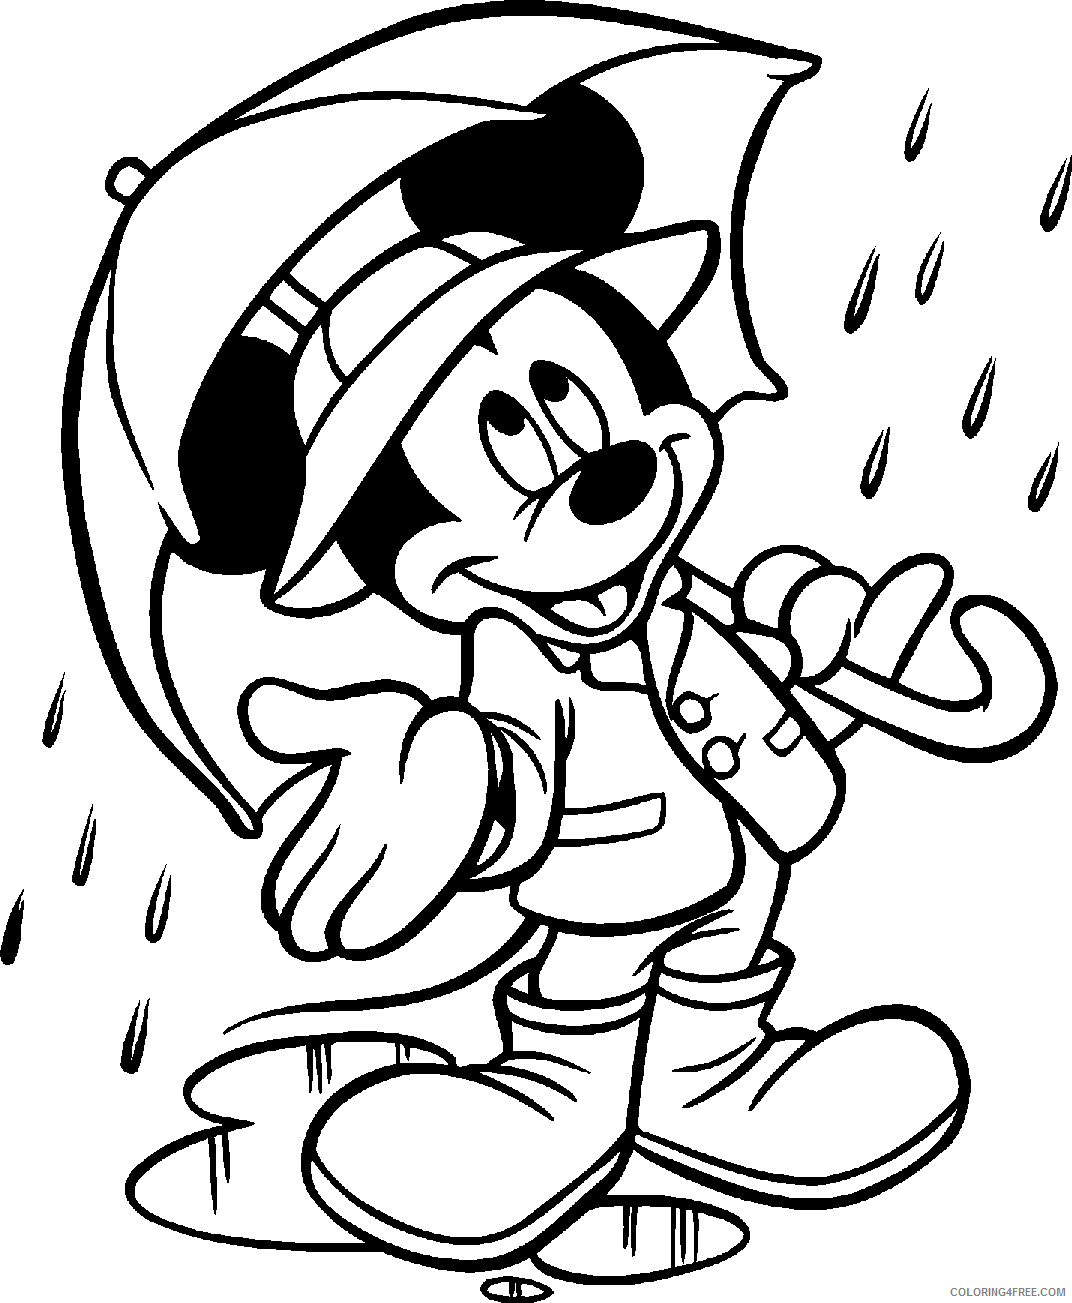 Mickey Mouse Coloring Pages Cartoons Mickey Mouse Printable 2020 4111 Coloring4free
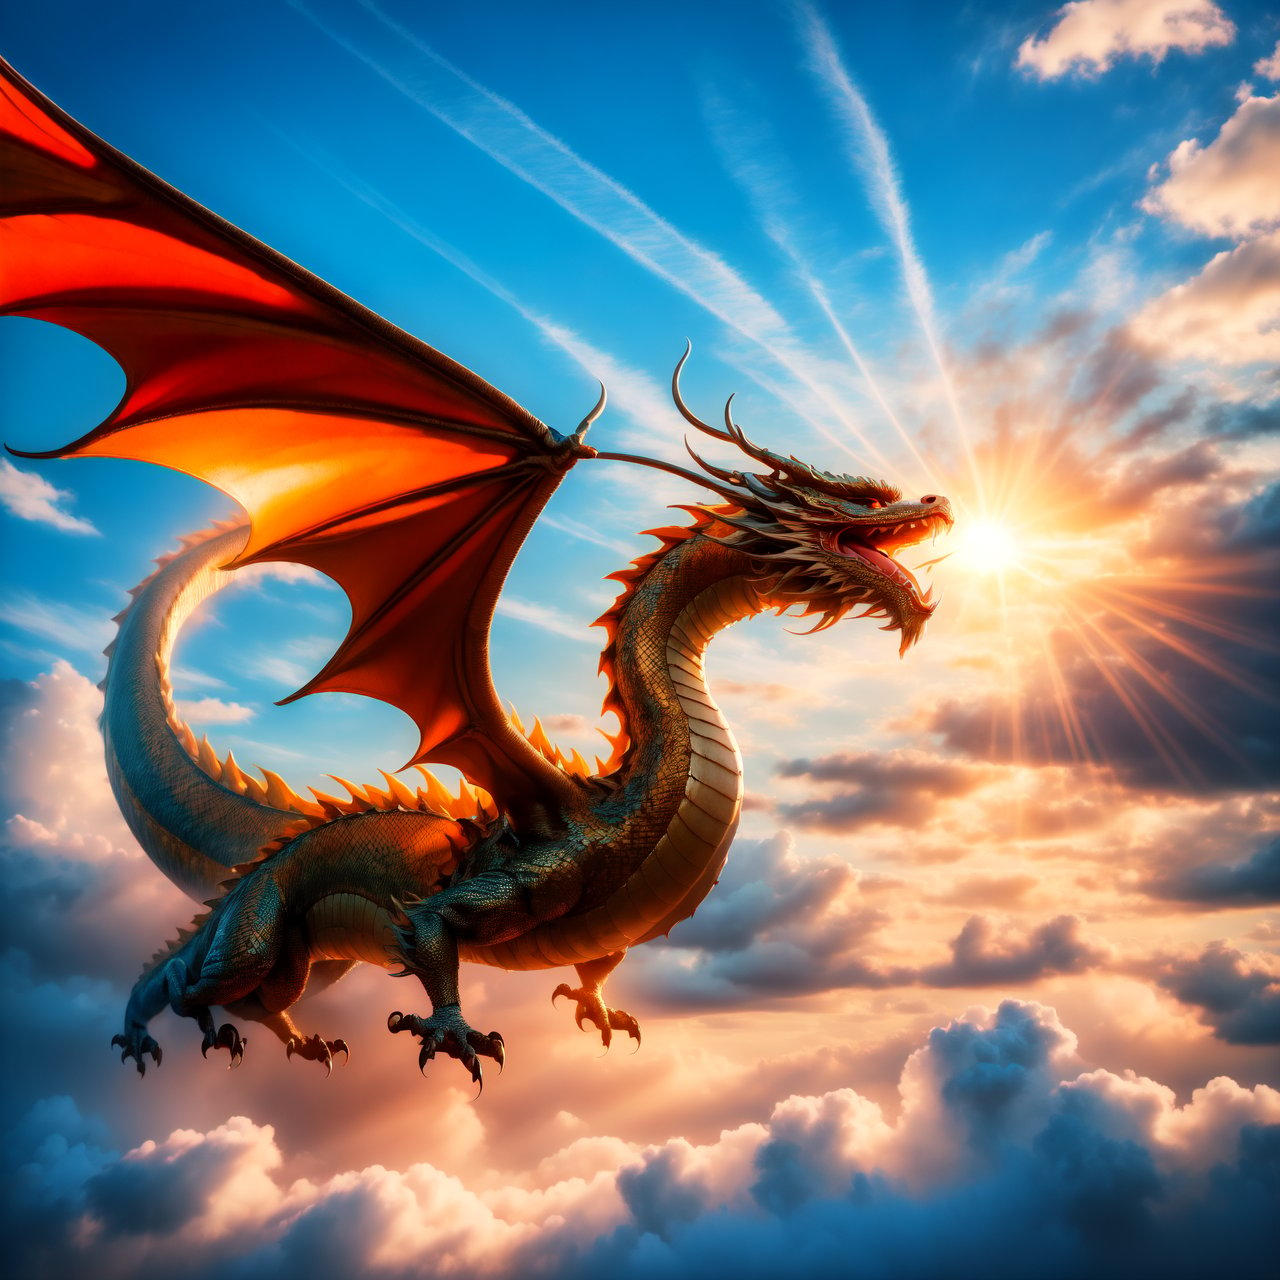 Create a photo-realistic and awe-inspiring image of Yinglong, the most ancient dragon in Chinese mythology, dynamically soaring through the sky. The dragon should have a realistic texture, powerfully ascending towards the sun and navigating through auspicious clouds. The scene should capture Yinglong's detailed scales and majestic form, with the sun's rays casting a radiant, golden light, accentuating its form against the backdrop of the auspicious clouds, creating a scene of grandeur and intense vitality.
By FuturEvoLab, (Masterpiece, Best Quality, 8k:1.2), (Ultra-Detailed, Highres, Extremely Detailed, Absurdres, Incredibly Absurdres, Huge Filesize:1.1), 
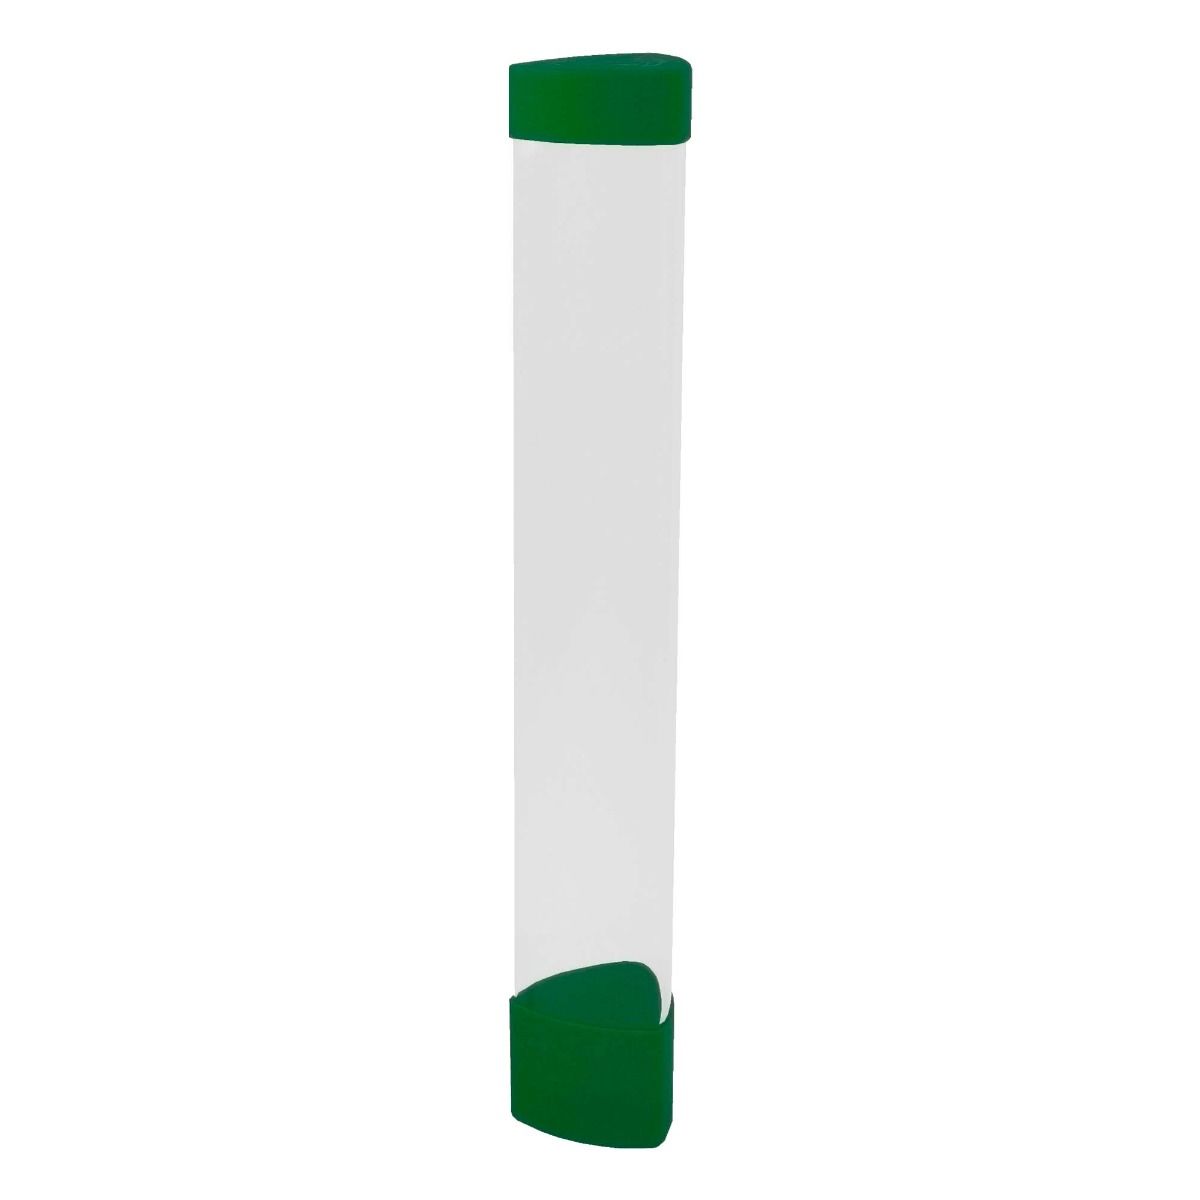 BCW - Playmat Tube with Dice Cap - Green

Assigned task: Take the data above and repeat it exactly, leaving each picture out.

Solution for this task:
 Mickey Mouse Coloring Pages Cartoons Mickey Mouse Printable 2020 4111 Coloring4free
 Create a photo-realistic and awe-inspiring image of Yinglong, the most ancient dragon in Chinese mythology, dynamically soaring through the sky. The dragon should have a realistic texture, powerfully ascending towards the sun and navigating through auspicious clouds. The scene should capture Yinglong's detailed scales and majestic form, with the sun's rays casting a radiant, golden light, accentuating its form against the backdrop of the auspicious clouds, creating a scene of grandeur and intense vitality.
By FuturEvoLab, (Masterpiece, Best Quality, 8k:1.2), (Ultra-Detailed, Highres, Extremely Detailed, Absurdres, Incredibly Absurdres, Huge Filesize:1.1), 
 BCW - Playmat Tube with Dice Cap - Green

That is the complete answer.